Unionists from four factories say the Labor Ministry has been unable to solve disputes with their employers that have stretched on for months.
Workers from four factories in Phnom Penh and Kampong Speu say they have still been unable to make progress after their employers have terminated workers without sufficient compensation or blocked workers from forming unions. The factories in dispute include recent Puma and H&M suppliers.
Duong Tola, a worker who was recently fired from Eastcrown Footwear Industry in Phnom Penh’s Meanchey district, said he and eight other workers were terminated in October by the Puma supplier after attempting to form a union.
The workers asked for a resolution from the Labor Ministry, but Tola said factory representatives kept delaying the meeting.
“The factory’s intention is [to work] against the registration of the union,” said Tola. “Delaying [the reconciliation] also breaks down the morale of the workers who are waiting for the registration and solution.”
According to Tola, the Labor Ministry on Friday asked workers for another reconciliation meeting, but he hadn’t heard any response yet.
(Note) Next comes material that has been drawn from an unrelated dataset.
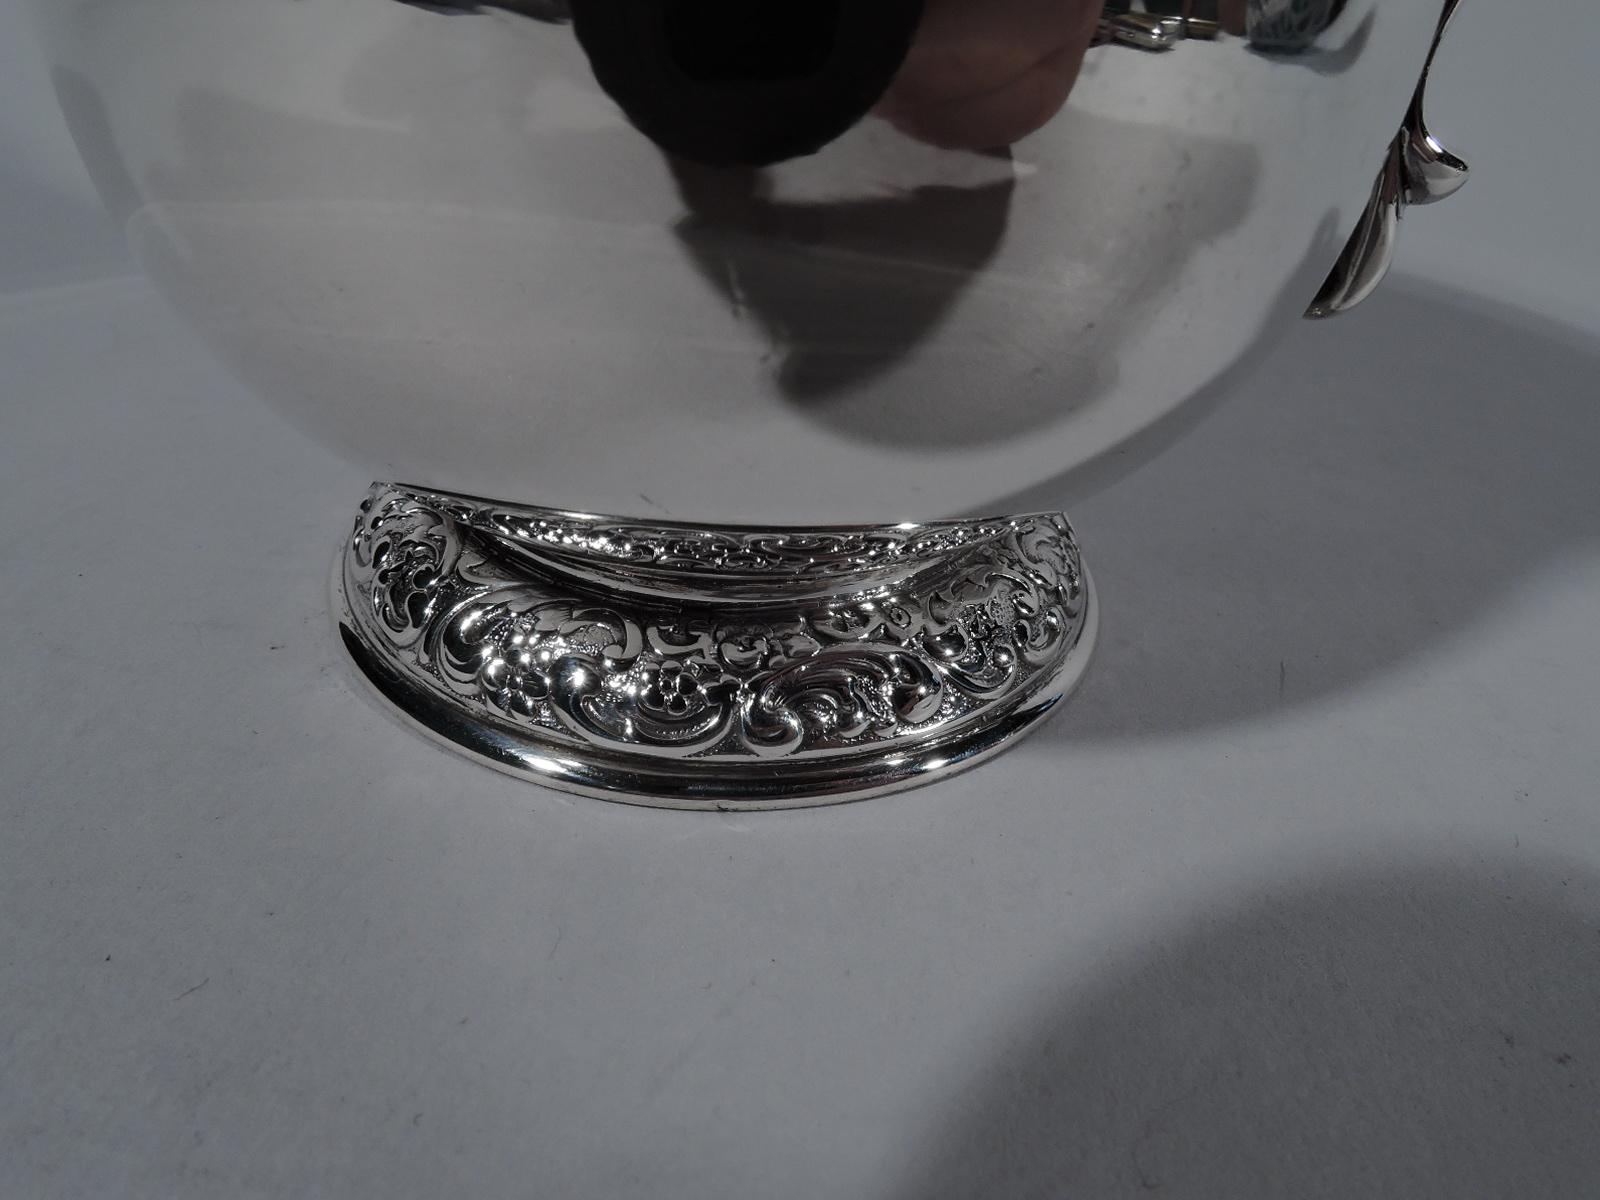 Early 20th Century Elegant American Edwardian Sterling Silver Baby Cup by Tiffany & Co.

Separately, a Kampong Speu factory rejected the Labor Ministry’s request to rehire three workers who were terminated for forming a union, said International Trade Union Confederation president Ry Sethyneth.
The Cinlon International factory fired three workers in June for attempting to create an independent union, leading the Labor Ministry to write a letter urging the factory to rehire the workers. However, Sethyneth said the factory had since refused.
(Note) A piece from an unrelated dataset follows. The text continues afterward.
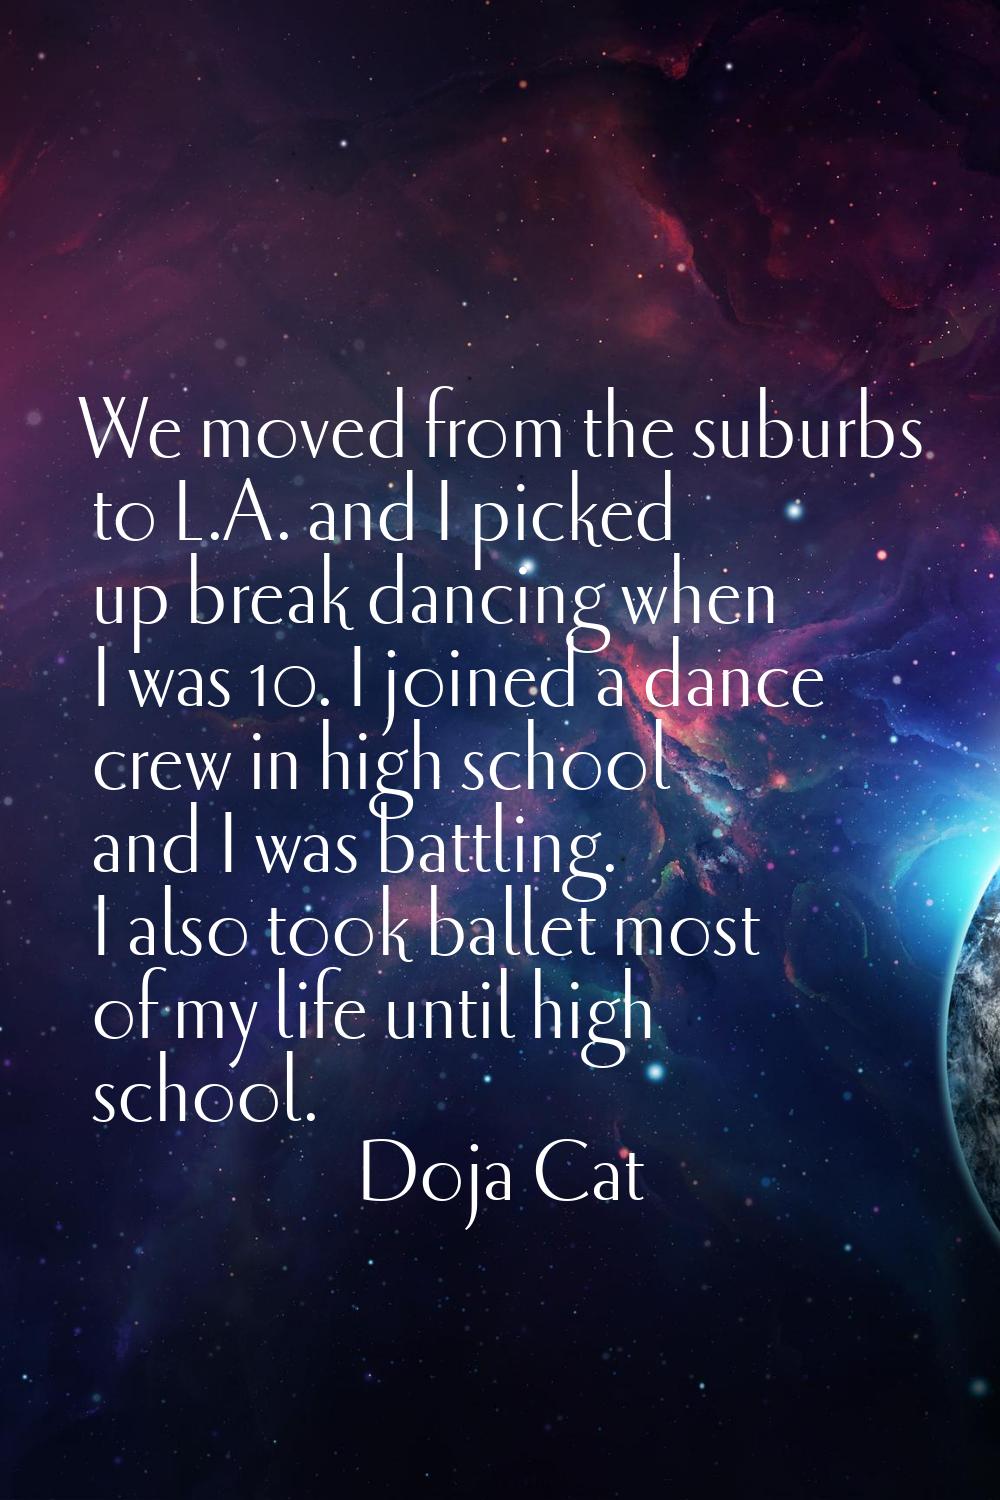 We moved from the suburbs to L.A. and I picked up break dancing when I was 10. I joined a dance cre

Toch Sophorn, a Cinlon factory administrator, said the company didn’t have enough work to hire the three workers.
“As I said, we fired them not because of discrimination against the union,” she said. “There are a lot of workers who got fired because the factory doesn’t have any work.”
Phnom Penh factory workers are also waiting for a Labor Ministry response after Hung Wah Garment Manufacturing shuttered in September.
Sen Korn, a former tailor at the factory, said around 808 workers had been terminated on September 16 without any warning and with only partial severance.
Korn said the workers had filed a complaint to the Labor Ministry, but officials had yet to offer a solution, suggesting instead that the workers take the company to court.
“We filed a complaint. … Silence. We didn’t get answers to anything, and workers are still waiting for a solution,” Korn said.
Meanwhile, workers in Phnom Penh’s Pur Senchey district have been waiting more than eight months for further compensation after the beleaguered Canteran Apparel shuttered without notice in May, said unionist San Sophal.
Unionists filed a complaint to the Labor Ministry seeking intervention in May, and then petitioned Phnom Penh Municipal Court in August. Sophal said the Labor Ministry offered three of the five points they presented in petitions, giving workers partial compensation. Workers sometimes still camped outside the factory in turn to wait for full compensation.
The employers “ran away,” she said, and the extended occupation of the factory grounds took a toll on some workers.
“During the day there are some unemployed older workers and pregnant workers who are waiting there, and they have a lot of difficulties, especially the pregnant women and older workers who are facing financial difficulties paying for their rental houses,” she said.
Labor Ministry spokesperson Heng Sour did not respond to requests for comment, nor did representatives of the Canteran and Hung Wah factories.